● ACTION ITEM:
Write back, word for word, the lines from the one containing "Best hikes in Bavaria" to the end of the listing below. Include nothing else, and no pictures.

● INFORMATION SUPPLIED:
──────

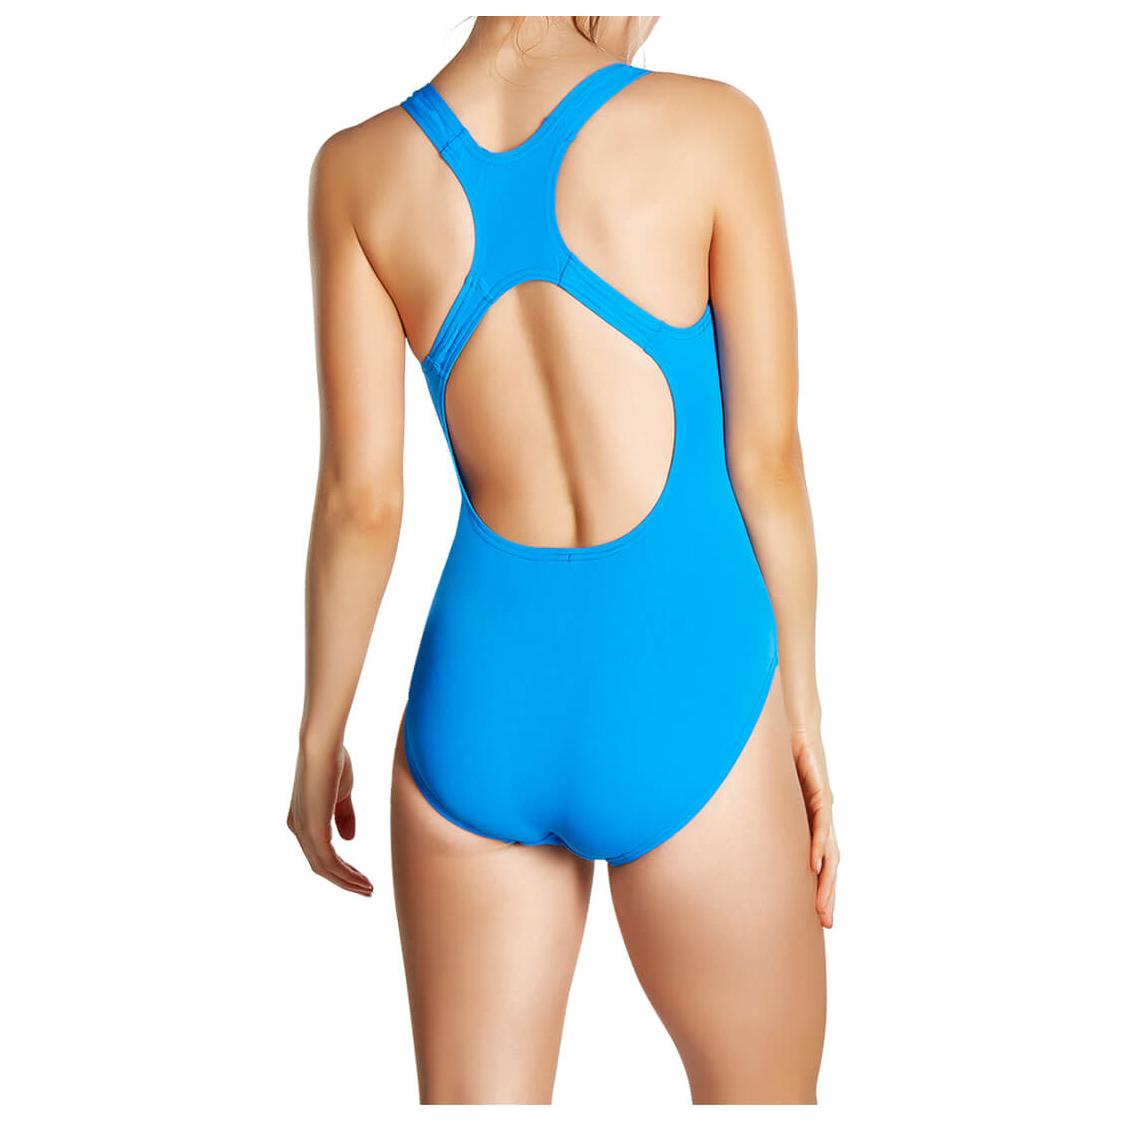 fab264f72010 Speedo - Women's Essential Endurance+ Medalist - Traje de baño - Blue | 30  (EU)
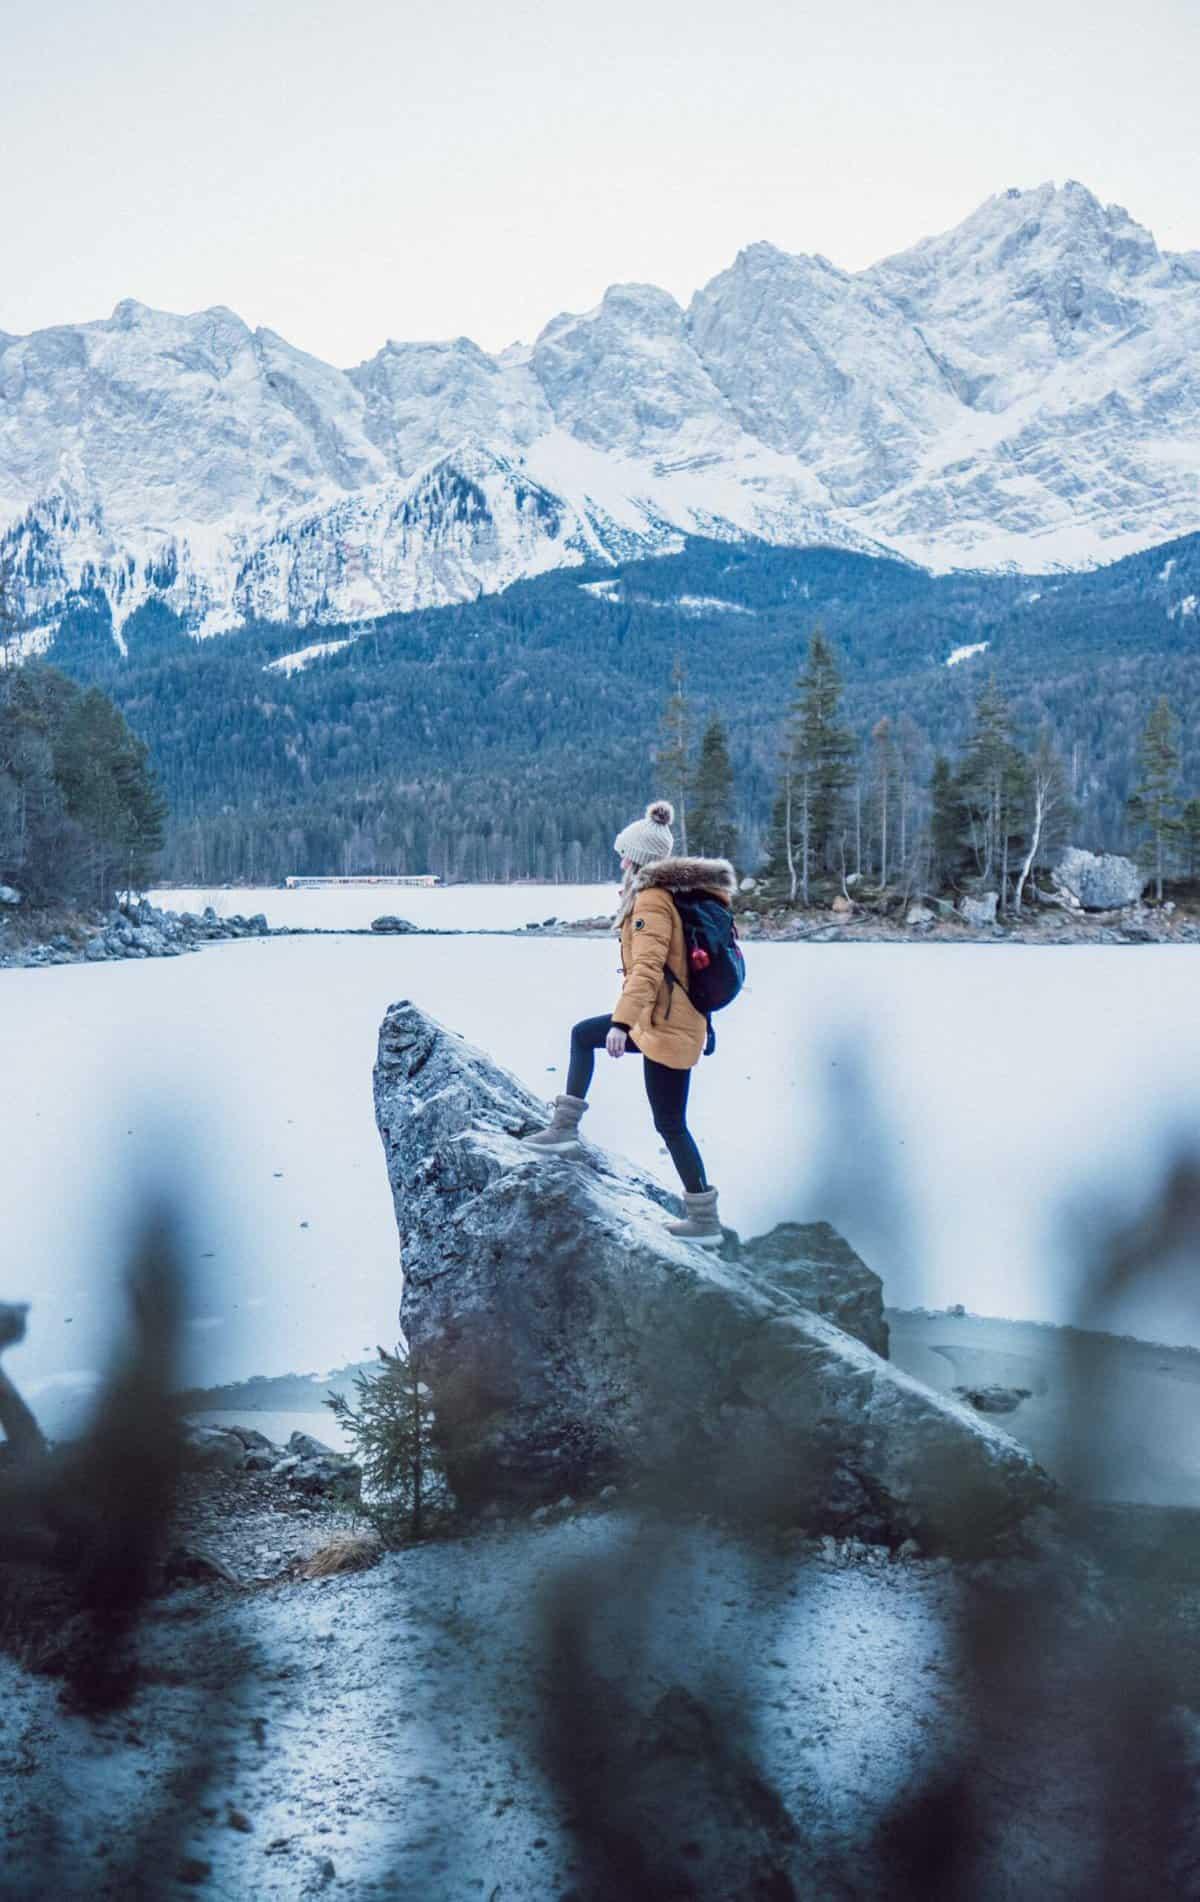 Best hikes in Bavaria
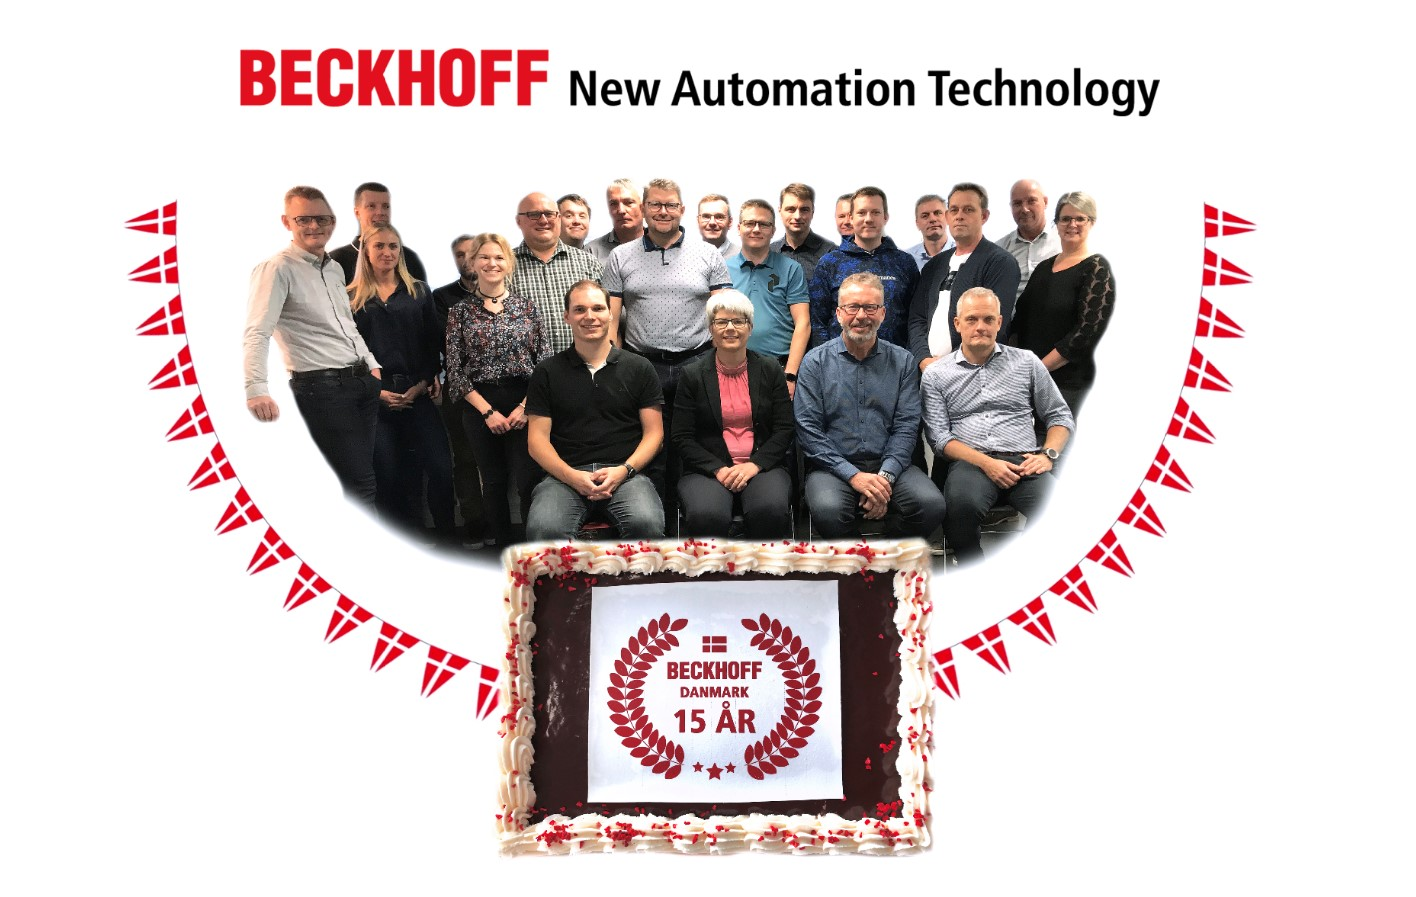 Beckhoff Danmark - 15 års jubilæum

──────

● ANSWER TO THIS EXERCISE:
 Best hikes in Bavaria
 Beckhoff Danmark - 15 års jubilæum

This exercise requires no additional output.